Below is the function to calculate LBP for a single pixel. You need to complete the function by calculating the `lbp_val`.

In [None]:
def lbp_calculate_pixels(img, x, y, radius=3, neighbors=8):
    threshold = img[x, y]
    binary_string = []
    
    for i in range(neighbors):
        dx = round(radius * np.cos(2 * np.pi * i / neighbors))
        dy = round(radius * np.sin(2 * np.pi * i / neighbors))
        neighbor_value = img[x + dx, y + dy]
        binary_string.append(int(neighbor_value >= threshold))
    
    lbp_val = sum(val * (2 ** idx) for idx, val in enumerate(binary_string))
    return lbp_val

def lbp_get_result(img):
    height, width = img.shape
    result_img = np.zeros((height, width), dtype=np.uint8)
    
    for i in range(3, height - 3):
        for j in range(3, width - 3):
            result_img[i, j] = lbp_calculate_pixels(img, i, j)
    
    return result_img

### Feature Vector from LBP

After computing the LBP for each pixel, the next step is to calculate the histogram of these values.
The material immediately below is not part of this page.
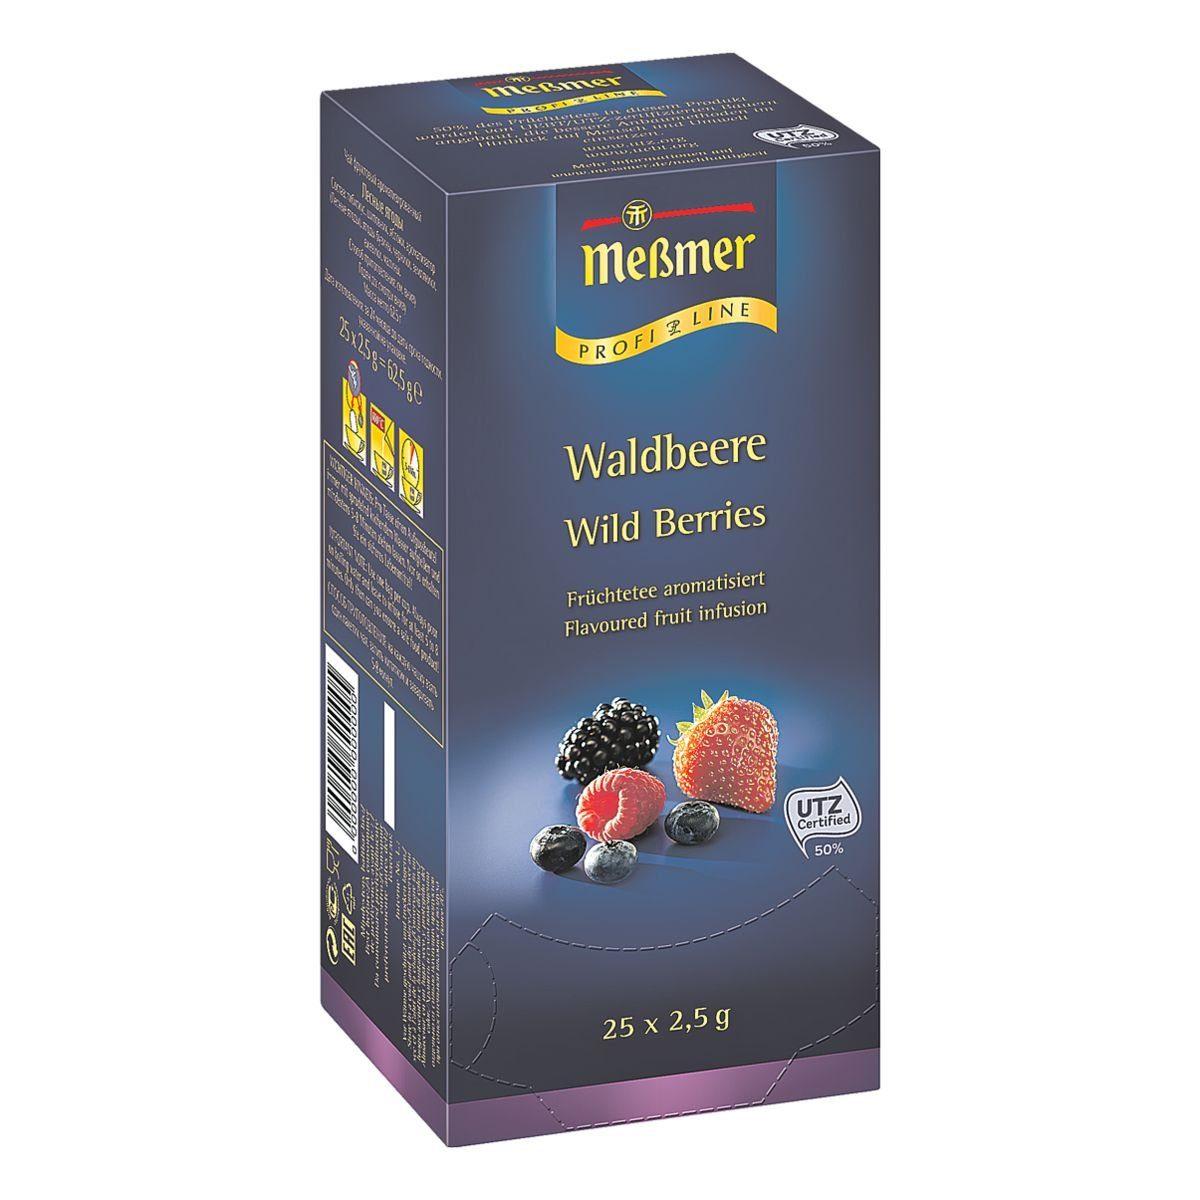 Meßmer Tee »Profi Line Waldbeere«

This histogram serves as a feature vector for the classifier.

In [None]:
def lbp_hist(lbp_img):
    histogram, _ = np.histogram(lbp_img.flatten(), bins=np.arange(257))
    return histogram

def lbp_normalize(histogram):
    return histogram / np.mean(histogram)

## 3. Model Training Module

Using the features extracted from the LBP, you can now train a KNN classifier.

In [None]:
def train_knn(features, labels):
    classifier = KNeighborsClassifier(n_neighbors=5)
    classifier.fit(features, labels)
    return classifier

## 4. Performance Analysis Module

In this module, you evaluate the performance of your model on unseen data.

```python
def predict_and_evaluate(test_img_path, classifier):
    _, _, test_lines = crop_handwritten_region(test_img_path)
    test_features = [lbp_normalize(lbp_hist(lbp_get_result(line))) for line in split_lines(test_lines)]
    
    predictions = classifier.predict(test_features)
    return np.bincount(predictions).argmax()
```

## 5. Test Generation

Utilize the IAM dataset for generating test cases.

### Usage

1. Preprocess your images using `crop_handwritten_region` and `split_lines`.
2. Extract features using `lbp_get_result`, `lbp_hist`, and `lbp_normalize`.
3. Train your model using `train_knn`.
4. Predict and evaluate with `predict_and_evaluate`.

---

## Additional Resources

- [OpenCV Documentation](https://docs.opencv.org/master/)
- [Scikit-learn KNN](https://scikit-learn.org/stable/modules/generated/sklearn.neighbors.KNeighborsClassifier.html)
- [Numpy Documentation](https://numpy.org/doc/stable/)
- [Matplotlib Examples](https://matplotlib.org/stable/gallery/index.html)
- [Understanding Image Thresholding](https://learnopencv.com/otsu-thresholding-with-opencv/)

Feel free to search these terms in Google for more information:

- "Local Binary Patterns"
- "Image Contouring in OpenCV"
- "Histograms in Image Processing"
- "K-Nearest Neighbors Algorithm"
- "Image Preprocessing Techniques"

---

This workbook provides a structured approach to building a Writer Identification System using classical machine learning techniques in Python. Ensure to fill in the missing parts and understand each step to get the most out of this exercise!